After Taylor whispered in my ear, "You should get some sleep," and stroked my back until I was in a sitting position, we walked side by side into his house. Although there was still some lingering pain at the back of my head, the pleasant tingles in the pit of my stomach were much more dominant, and they only intensified when Taylor gave me a lazy, sleepy smile as he opened his bedroom door for me. Unlike my first night in Pasadena, I managed to have a peaceful, deep sleep and when I woke up in the morning, I was headache free. Taylor's hands had done magic.

The next few days were warm and sunny—as Taylor had promised—and the five of us spent them outdoors. Mornings were spent on the golf course that James and Mark were members of and Taylor taught me how to putt the ball straight into the hole from ten feet away. Even though the scene in movies where the guy has to put his arms around the girl to correct her position makes me cringe every single time I watched it, I couldn't deny that it felt pretty damn good to have Taylor's large, tanned hands tweak my hold on the putter. We'd stay on the green until it was time for lunch, and we'd eat on the patios of bistros and small, independent restaurants.

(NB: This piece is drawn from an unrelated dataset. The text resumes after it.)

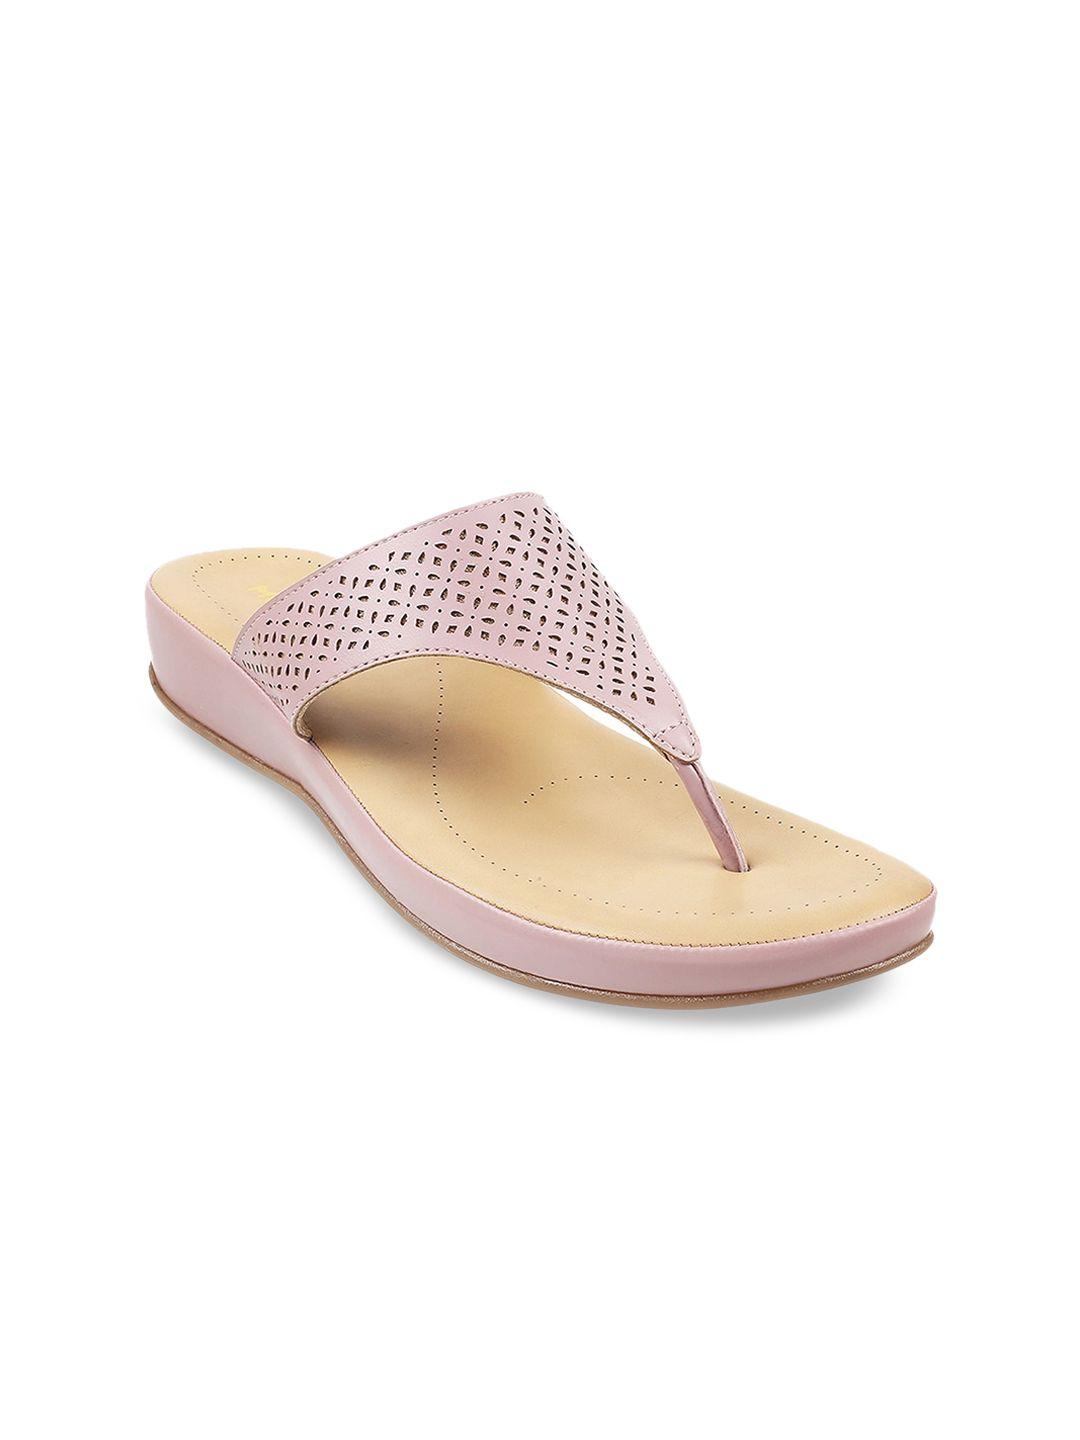 mochi women textured t-strap flats with laser cuts

At least four of us would eat; Sofia seemed more preoccupied with telling me stories about her son as a small boy than with the chicken salad in front of her.

So, even though Taylor and I didn't have oodles of one-on-one time, I still enjoyed every moment of my trip. After all, I couldn't afford to be greedy. This was his family who saw little of him as it was. The last thing I wanted to do was make him feel like he had to choose between hanging with his family or me. Besides, his parents and uncle were amazing, not to mention that having them as a buffer allowed me to process my feelings for Taylor without having him so up and personal in my space.

Because maybe it had been the headache influencing those L-word feelings, or the fact that Taylor had touched me, really touched me, and was the first boy to ever do so. But when I watched Taylor laugh at something his uncle said while they were golfing, wearing a white polo shirt and navy shorts, I knew that neither of those things were to blame. He had thrown his head back so that the sun caught his strong jawline in the most flattering way and that, coupled with the damp, black curls peeking out from the back of his grey baseball cap, made him the most handsome boy I had ever seen.

I didn't want to look away and truthfully, I probably wouldn't have if I hadn't caught Sofia out of the corner of my eye watching me stare at her son. On that beautiful, fancy golf course, the most empowering feeling simmered in my chest. Love.

On my last day in Pasadena, I packed my things in Taylor's old room feeling in love.

I said goodbye to James, Mark, and Sofia—who made us exchange numbers—feeling in love.